Exercise goal:
Would you transcribe the listing that follows, character for character, and omit its images?

Given data:
# # #
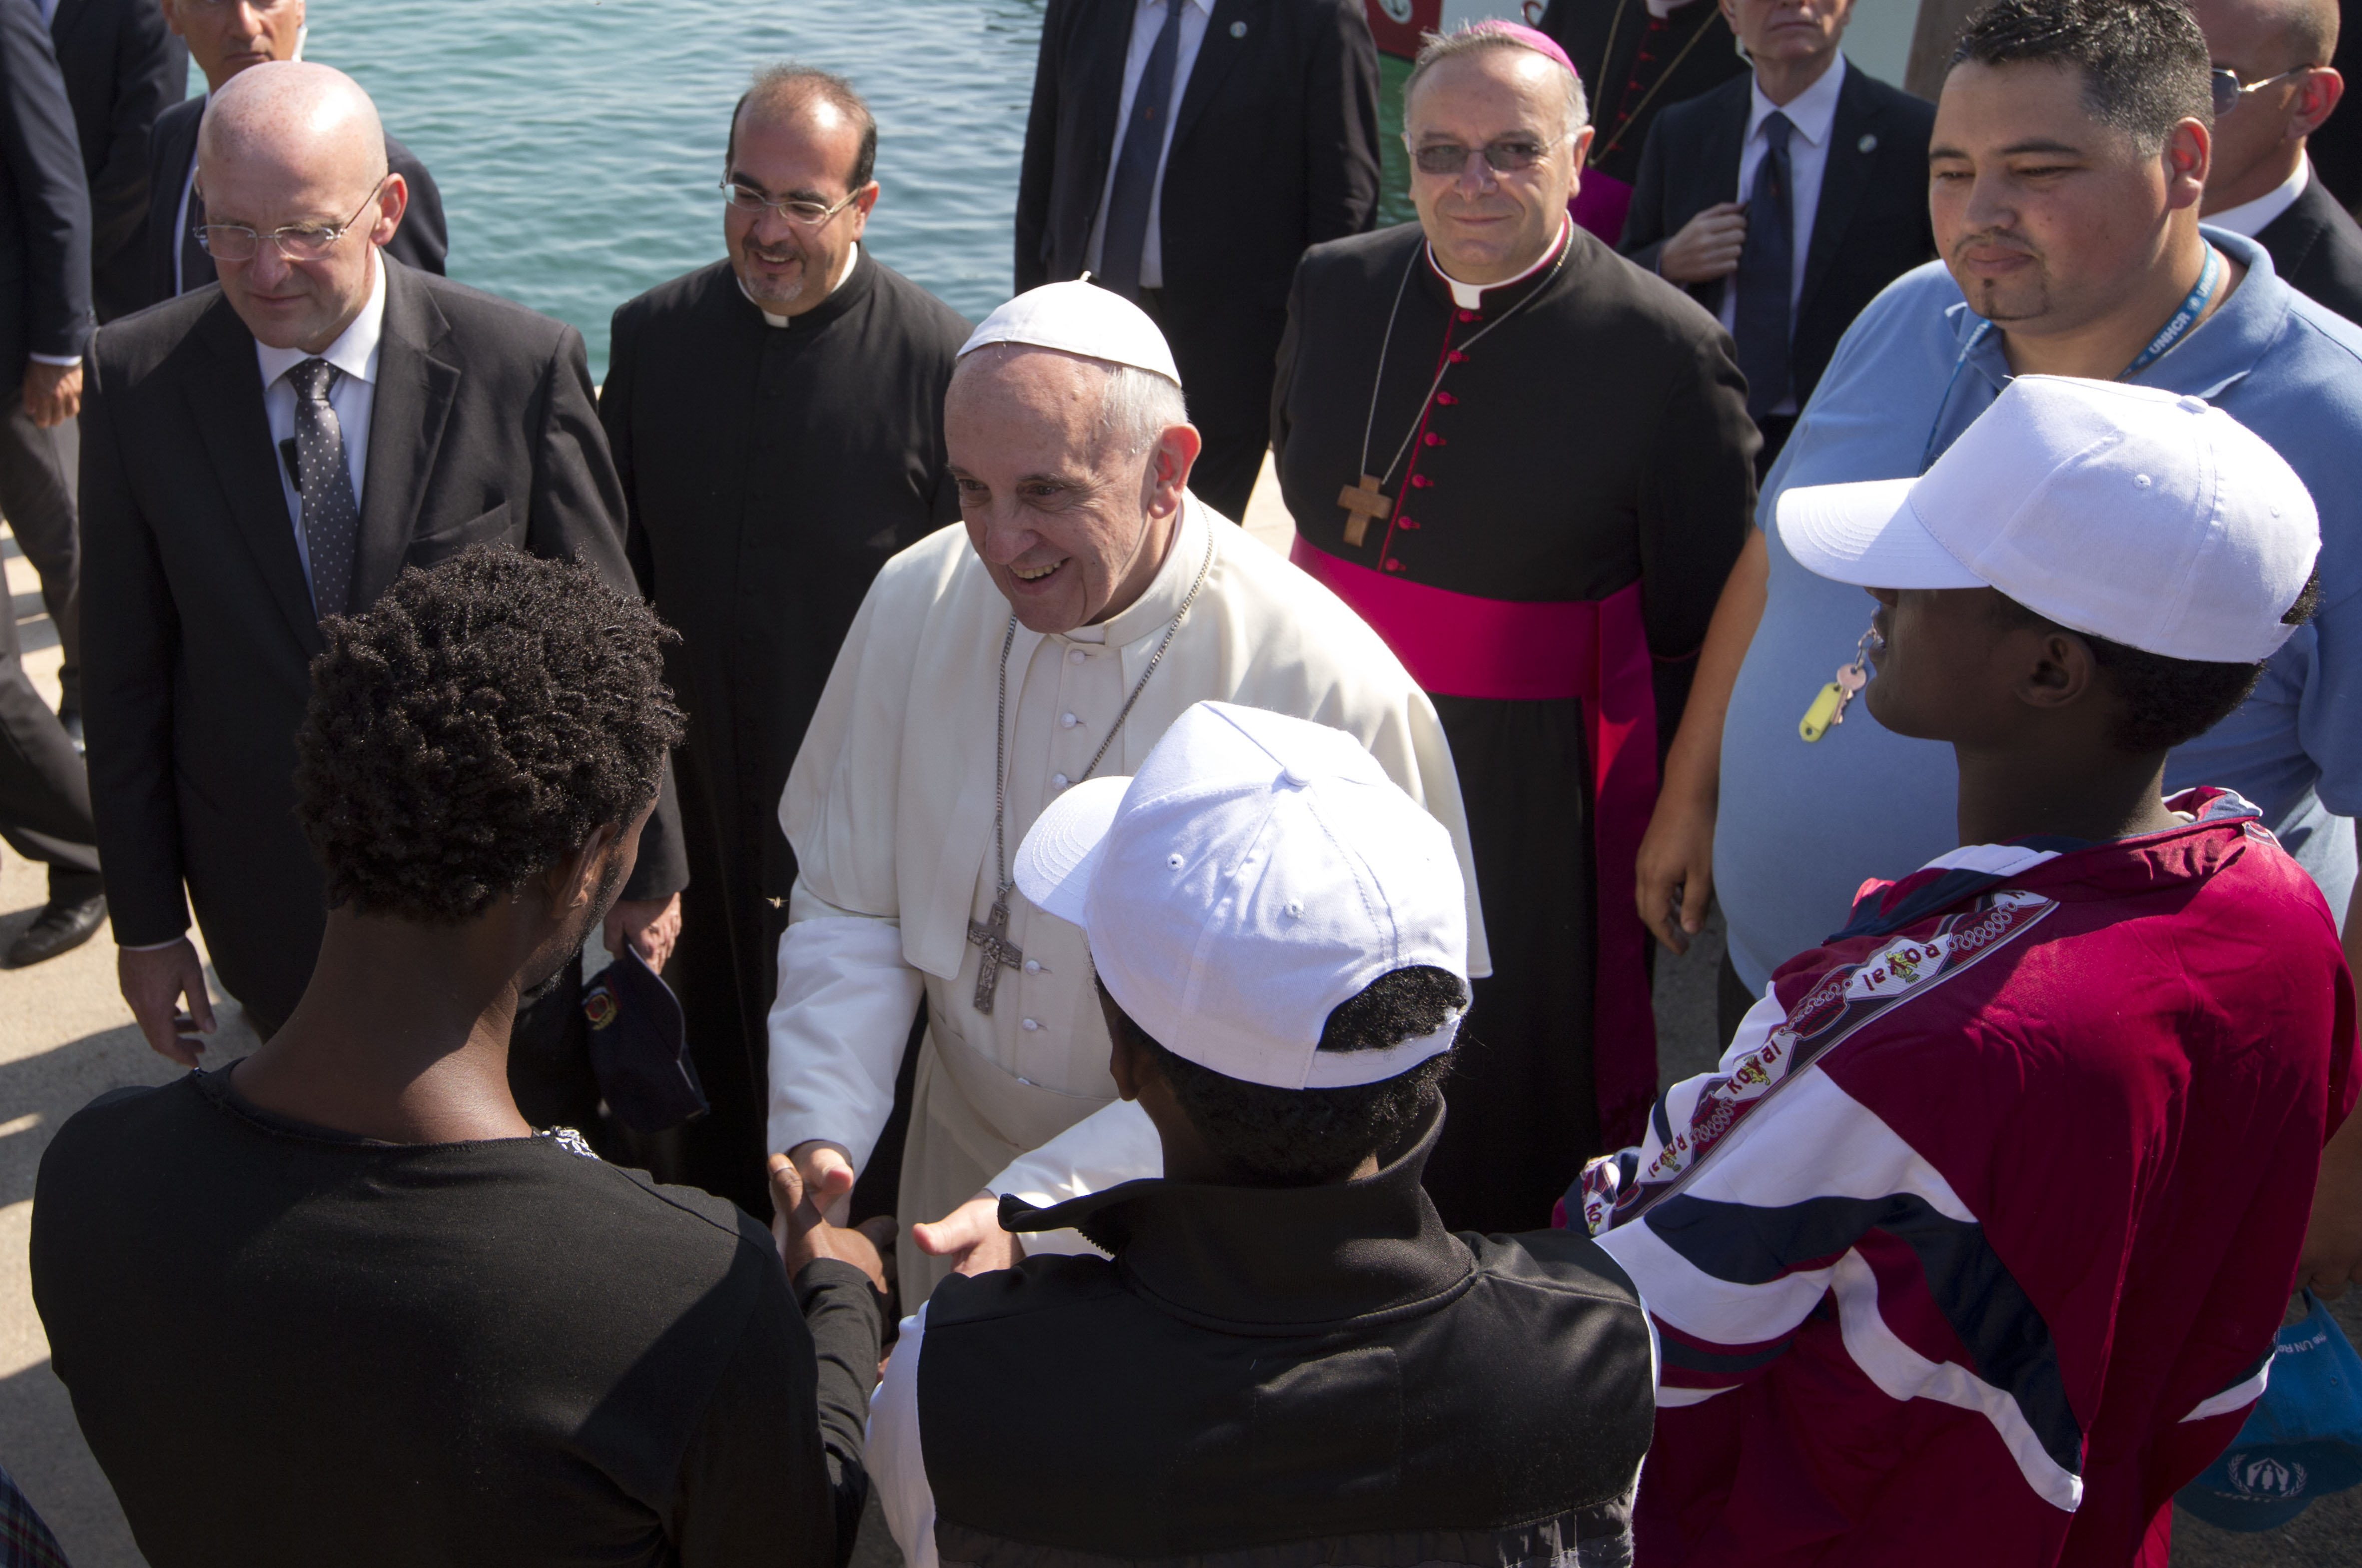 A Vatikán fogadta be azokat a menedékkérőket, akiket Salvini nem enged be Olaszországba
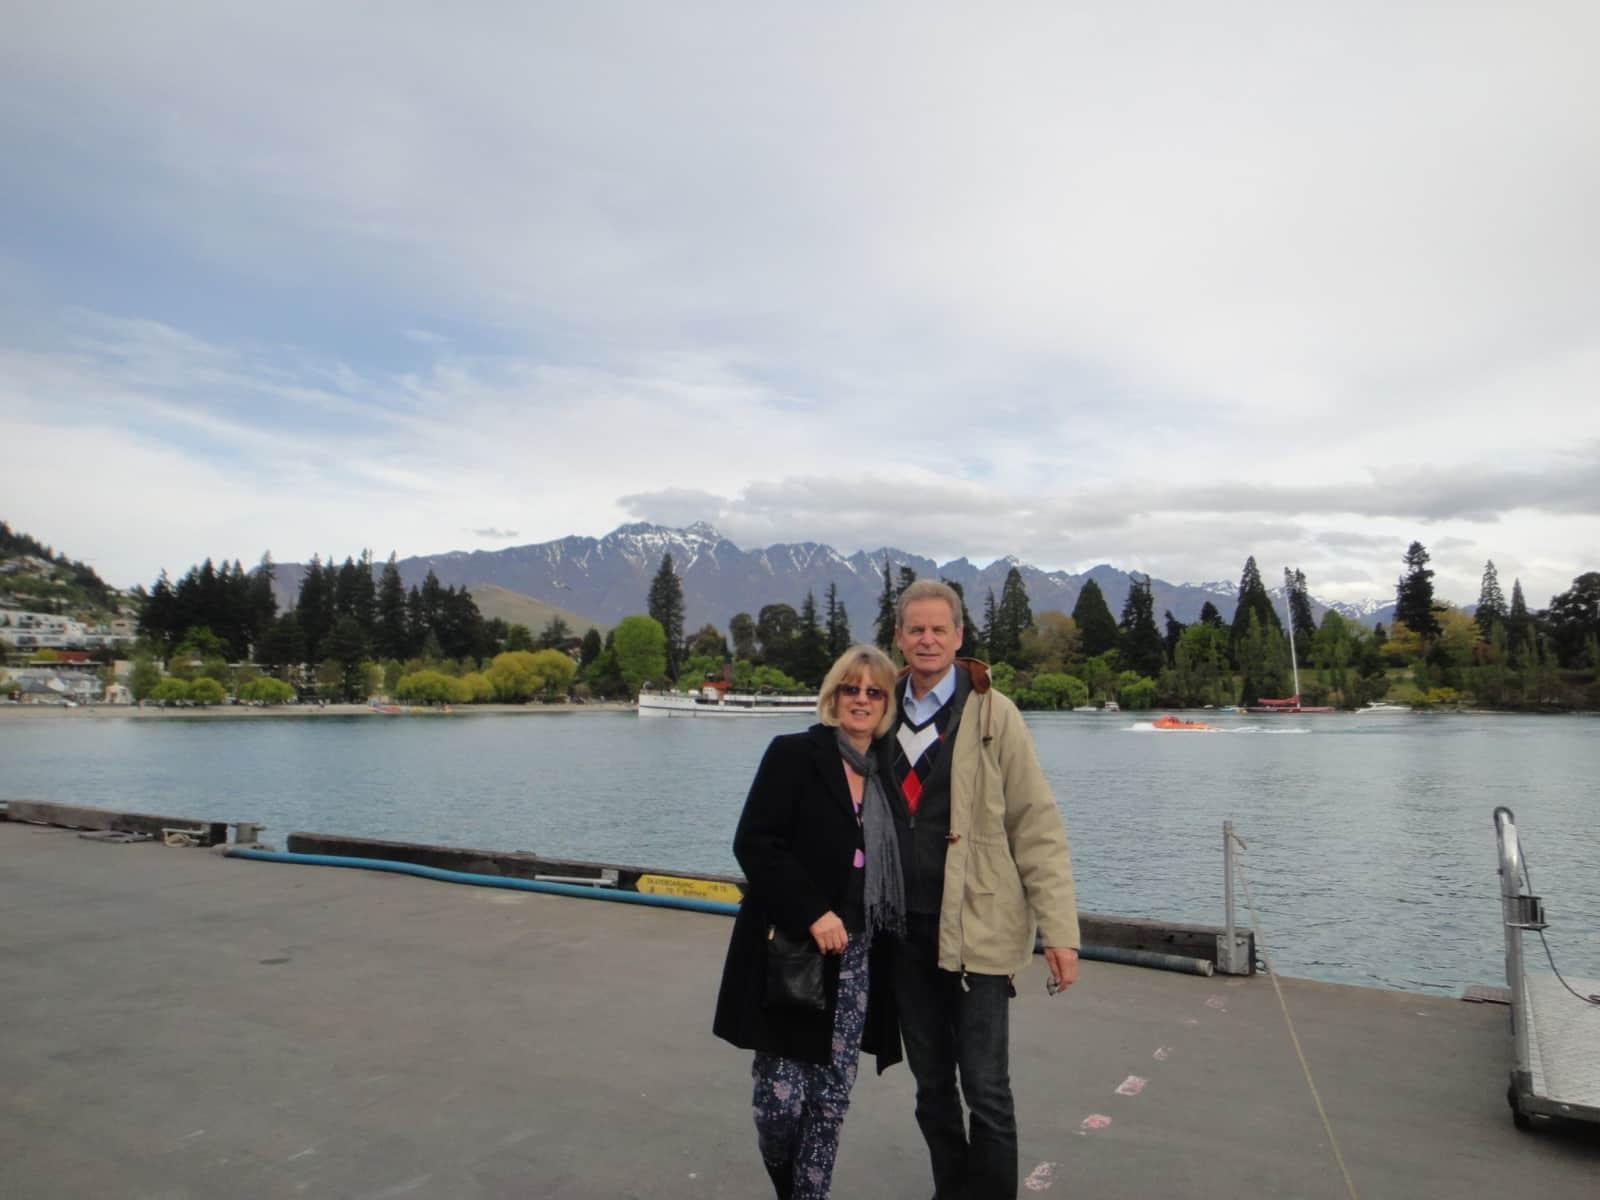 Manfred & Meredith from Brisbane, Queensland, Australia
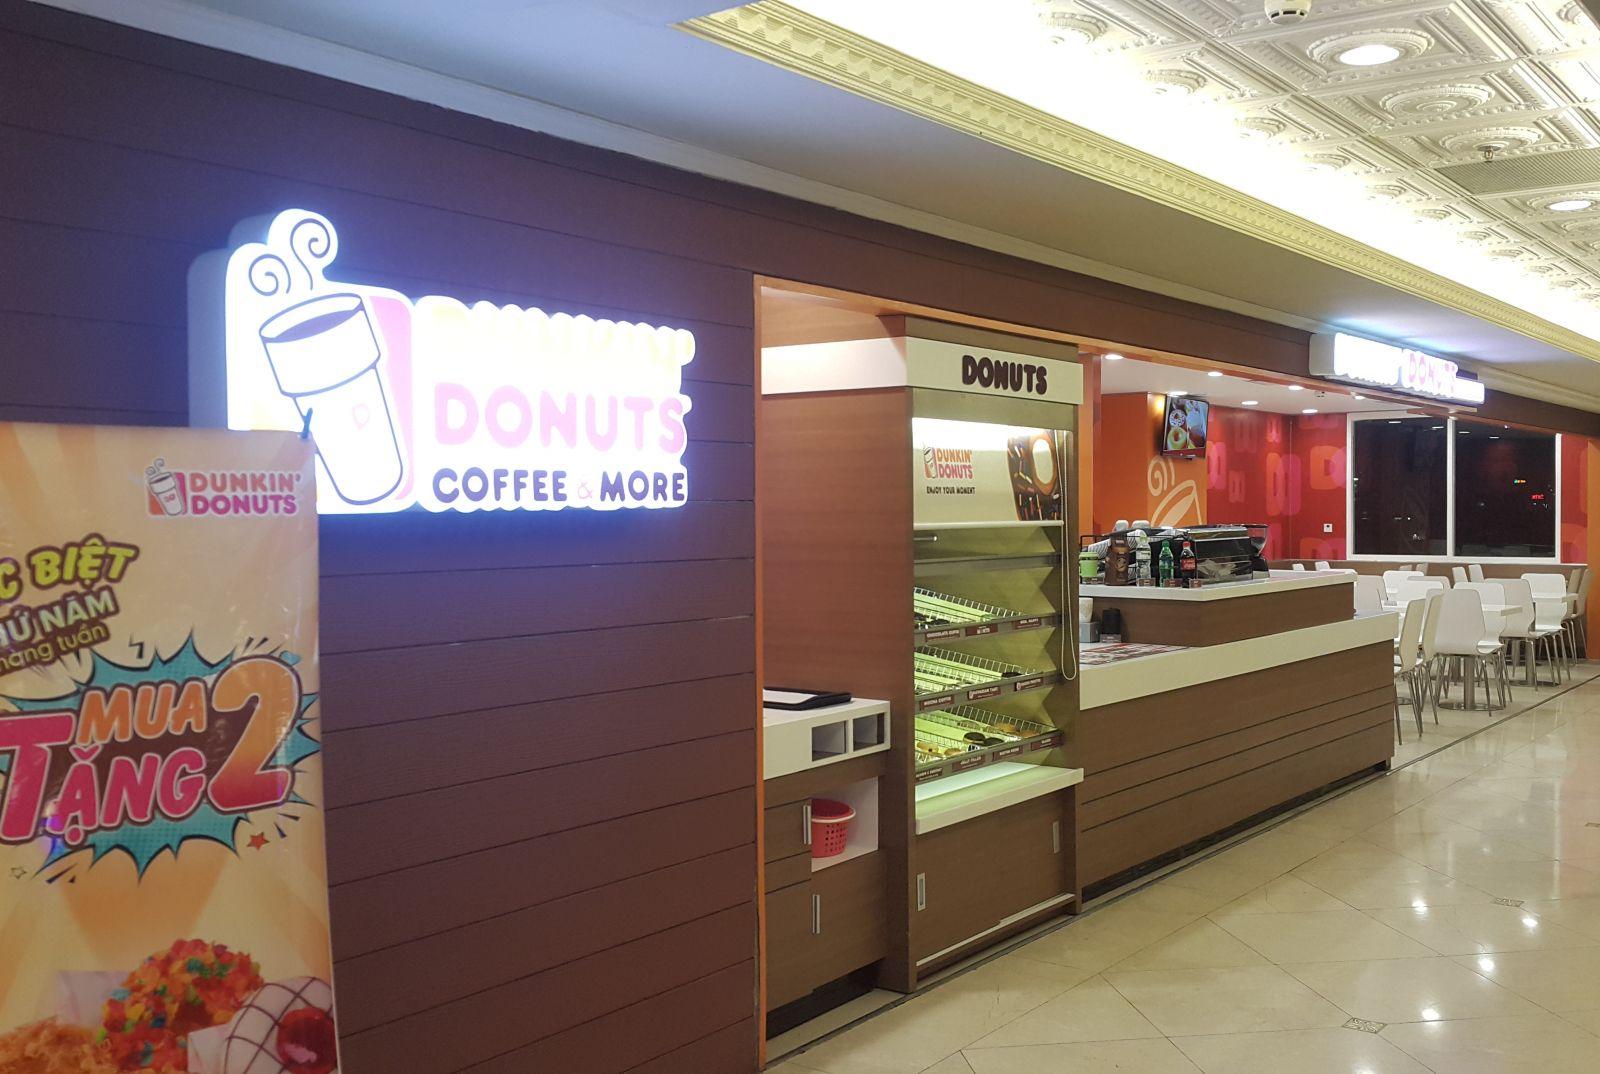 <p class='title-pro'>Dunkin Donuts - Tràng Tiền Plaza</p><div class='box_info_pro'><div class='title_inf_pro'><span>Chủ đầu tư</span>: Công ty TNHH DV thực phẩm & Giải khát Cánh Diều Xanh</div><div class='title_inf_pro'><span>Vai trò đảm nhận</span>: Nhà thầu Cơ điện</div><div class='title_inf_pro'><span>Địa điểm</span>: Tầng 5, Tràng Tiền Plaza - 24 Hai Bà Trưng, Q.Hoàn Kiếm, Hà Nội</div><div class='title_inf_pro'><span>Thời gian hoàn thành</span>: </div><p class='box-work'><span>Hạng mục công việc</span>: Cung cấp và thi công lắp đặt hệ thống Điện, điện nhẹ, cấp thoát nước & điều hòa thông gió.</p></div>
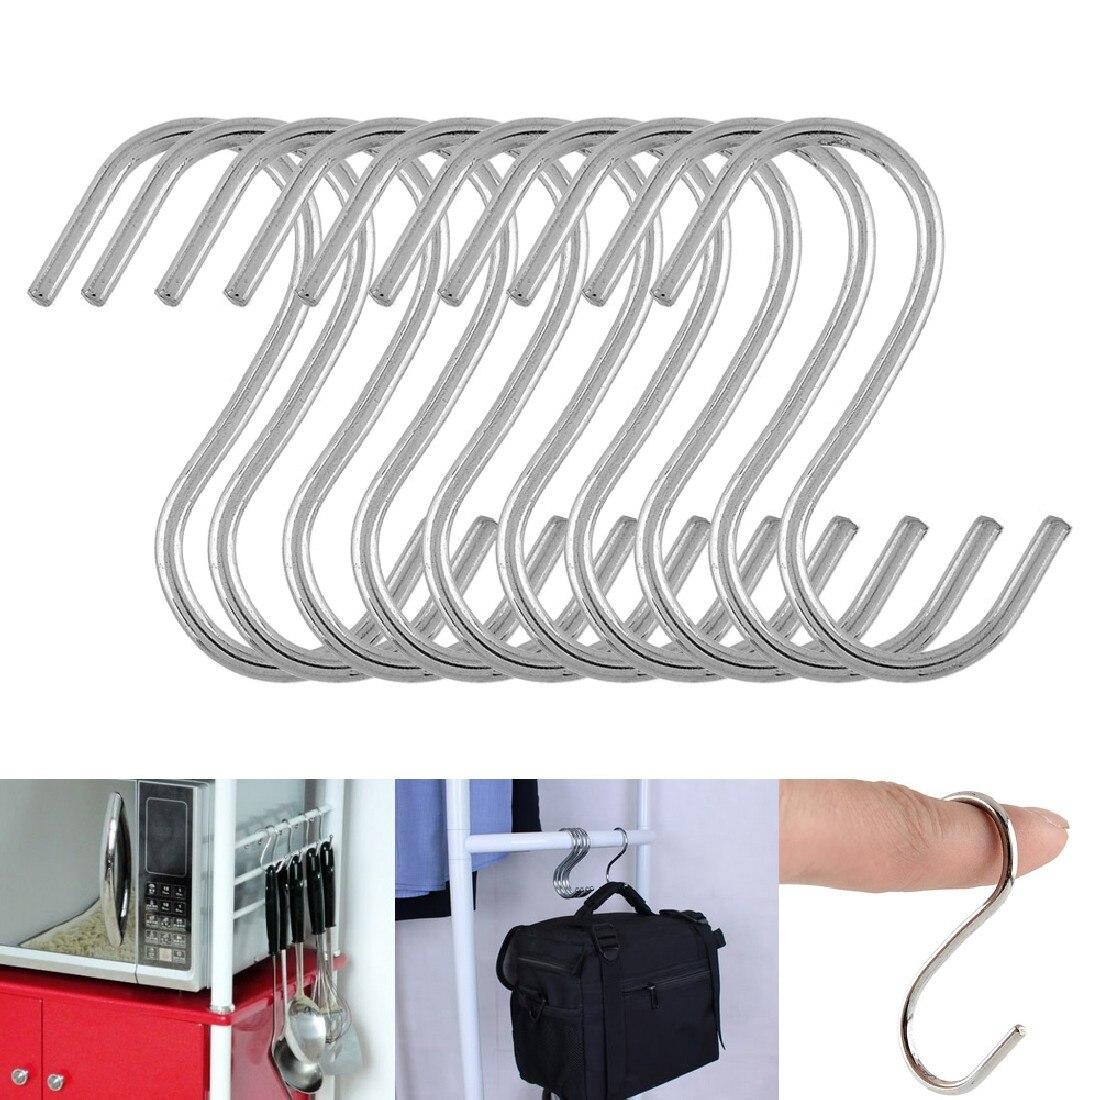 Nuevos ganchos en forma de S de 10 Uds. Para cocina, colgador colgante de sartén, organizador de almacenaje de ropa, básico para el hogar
# # #
Written answer:
 A Vatikán fogadta be azokat a menedékkérőket, akiket Salvini nem enged be Olaszországba
 Manfred & Meredith from Brisbane, Queensland, Australia
 <p class='title-pro'>Dunkin Donuts - Tràng Tiền Plaza</p><div class='box_info_pro'><div class='title_inf_pro'><span>Chủ đầu tư</span>: Công ty TNHH DV thực phẩm & Giải khát Cánh Diều Xanh</div><div class='title_inf_pro'><span>Vai trò đảm nhận</span>: Nhà thầu Cơ điện</div><div class='title_inf_pro'><span>Địa điểm</span>: Tầng 5, Tràng Tiền Plaza - 24 Hai Bà Trưng, Q.Hoàn Kiếm, Hà Nội</div><div class='title_inf_pro'><span>Thời gian hoàn thành</span>: </div><p class='box-work'><span>Hạng mục công việc</span>: Cung cấp và thi công lắp đặt hệ thống Điện, điện nhẹ, cấp thoát nước & điều hòa thông gió.</p></div>
 Nuevos ganchos en forma de S de 10 Uds. Para cocina, colgador colgante de sartén, organizador de almacenaje de ropa, básico para el hogar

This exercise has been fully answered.